1. The 1/05 _Harper's_, pp. 75-81, had an absolutely astonishing and fascinating article by Frederick Kaufman titled "The Secret Ingredient: Keeping the world kosher." On page 80:

"In order for the packaged yogurt or marinade or baby food to be certified kosher, all its ingredients must be certified kosher; likewise, in order for the ingredients to be certified kosher, the enzymes that have mediated the creation of said ingredients must also be certified kosher. ... In order for an enzyme to be certified kosher, the feed media for that enzyme must be 'kosherish.' And what about the feed media for the feed media?

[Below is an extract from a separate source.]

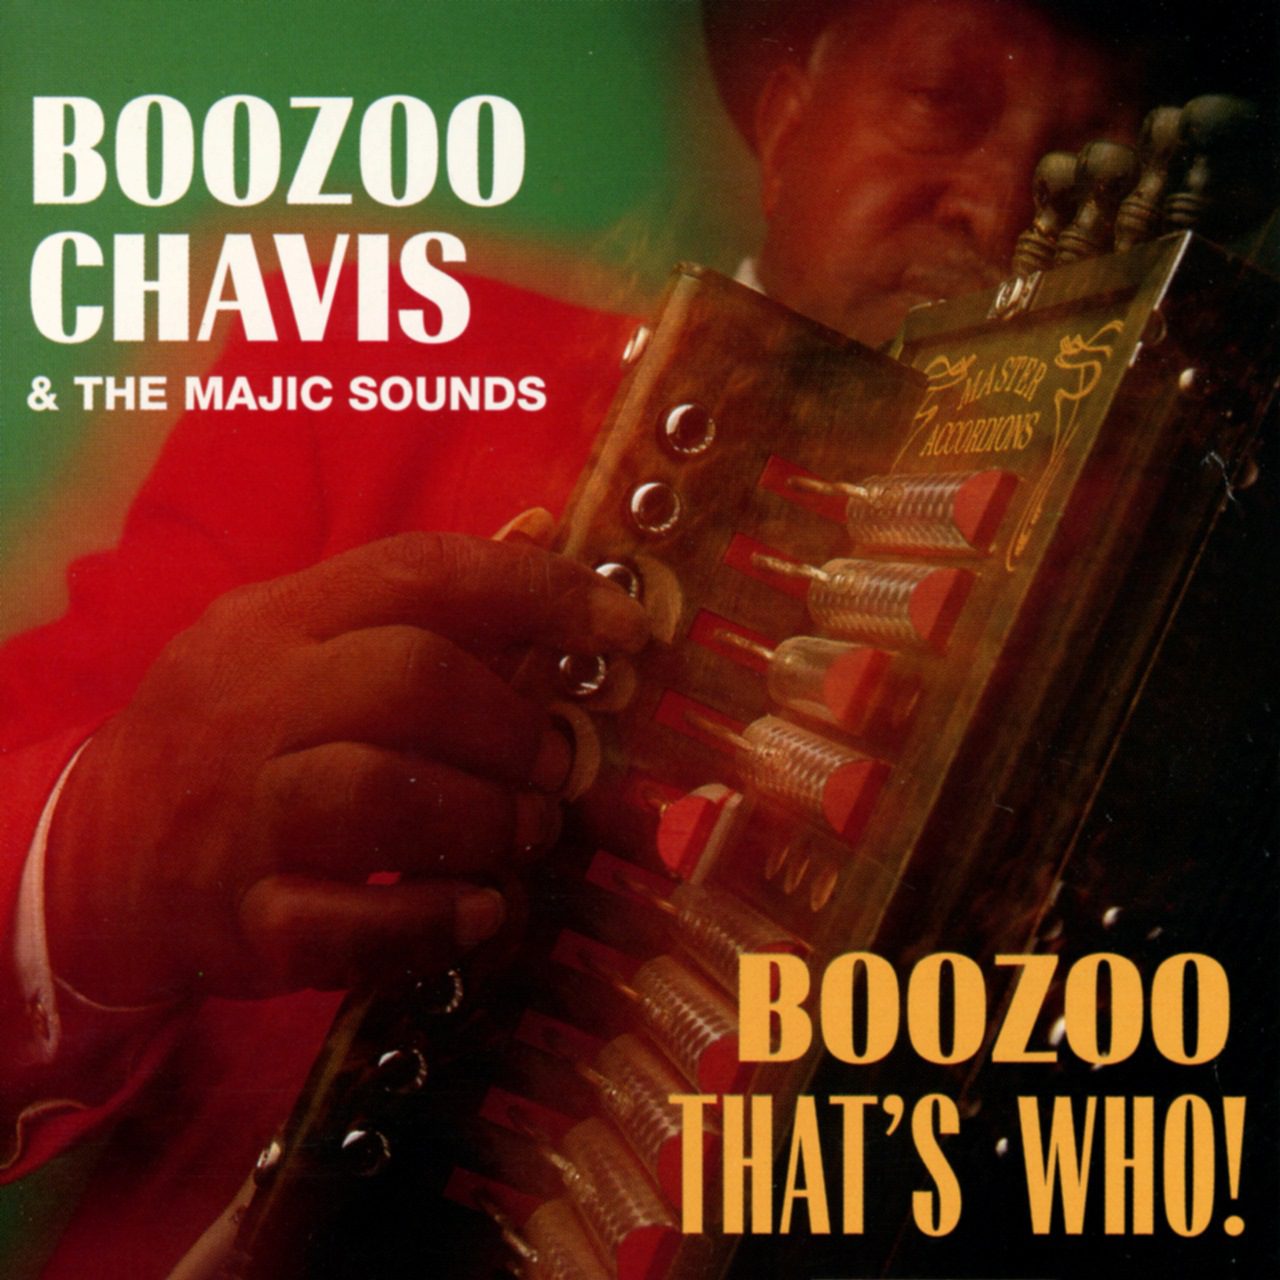 Boozoo Chavis & Majic Sounds - Boozoo, That's Who! cover album

It is a food chain of microscopic yet divine reticulation, leading back to the mother-of-all proteins, keeping kosherish in an aerated flask." Difficult decisions about a given organism are made by "specialists in the ethereal" called _Mashgichim_. (Singular: _Mashgiach_.)

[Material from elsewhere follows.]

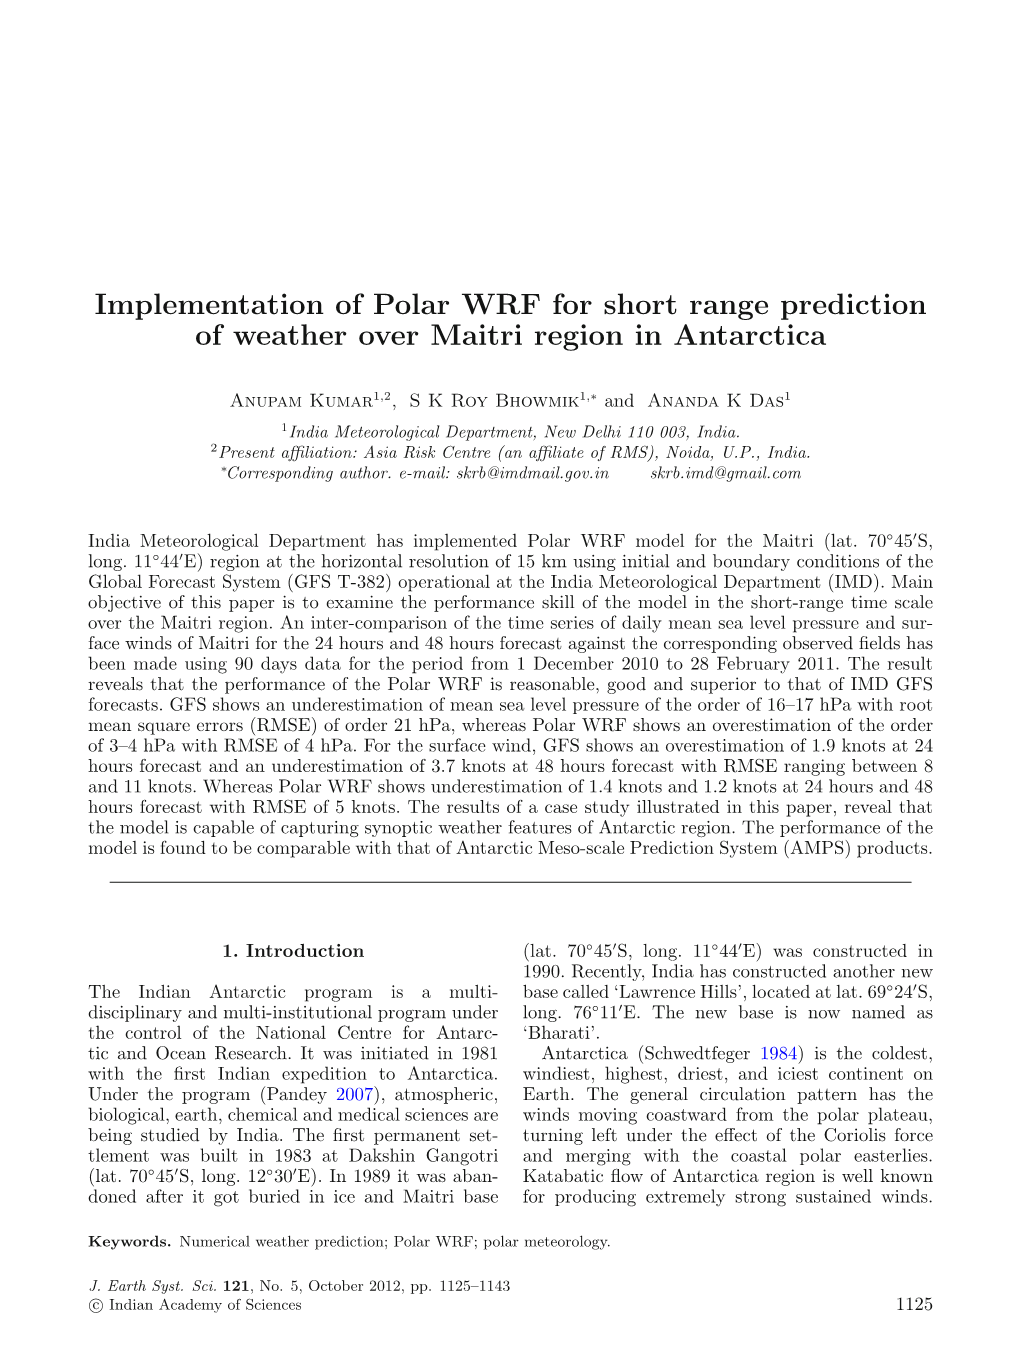 Implementation of Polar WRF for Short Range Prediction of Weather Over Maitri Region in Antarctica

This all came as a surprise to me. I suppose it should have been obvious, and once pointed out it _is_ obvious, but it had never crossed my mind that the definition of "kosher" went all the way back to the beginning of every food product.

2. The 2/7/05 issue of _Time_ did an excellent job with an overview of "The 25 Most Influential Evangelicals in America?" and what George Bush owes them (and owes evangelicals generally). Recommended. From "What Does Bush Owe the Religious Right?", on page 29:

"His campaign barely had time to sweep up the confetti last Nov. 3 before the victorious President got a congratulatory bouquet of praise, threats, warnings and demands. 'In your re-election, God has graciously granted America -- though she doesn't deserve it -- a reprieve from the agenda of paganism,' wrote Bob Jones III... 'Don't equivocate. Put your agenda on the front burner and let it boil. You owe the liberals nothing.' " The Bob Jones warble was balanced by a message from Chuck Colson: "Sad to say, the church has managed to shoot itself in the foot almost every time it has achieved power in society. So what we need right now is a bracing dose of humility."

[From _Religion BookLine_ for 2/9/05: "CBA, the association of Christian retailers, met Feb.1-Feb. 3, returning to Nashville after three years in Indianapolis. As George W. Bush enters his second term, this is evangelicalism's moment, and the mood at the show was relentlessly cheerful." ... I believe this is the first time I've ever encountered the phrase "relentlessly cheerful."]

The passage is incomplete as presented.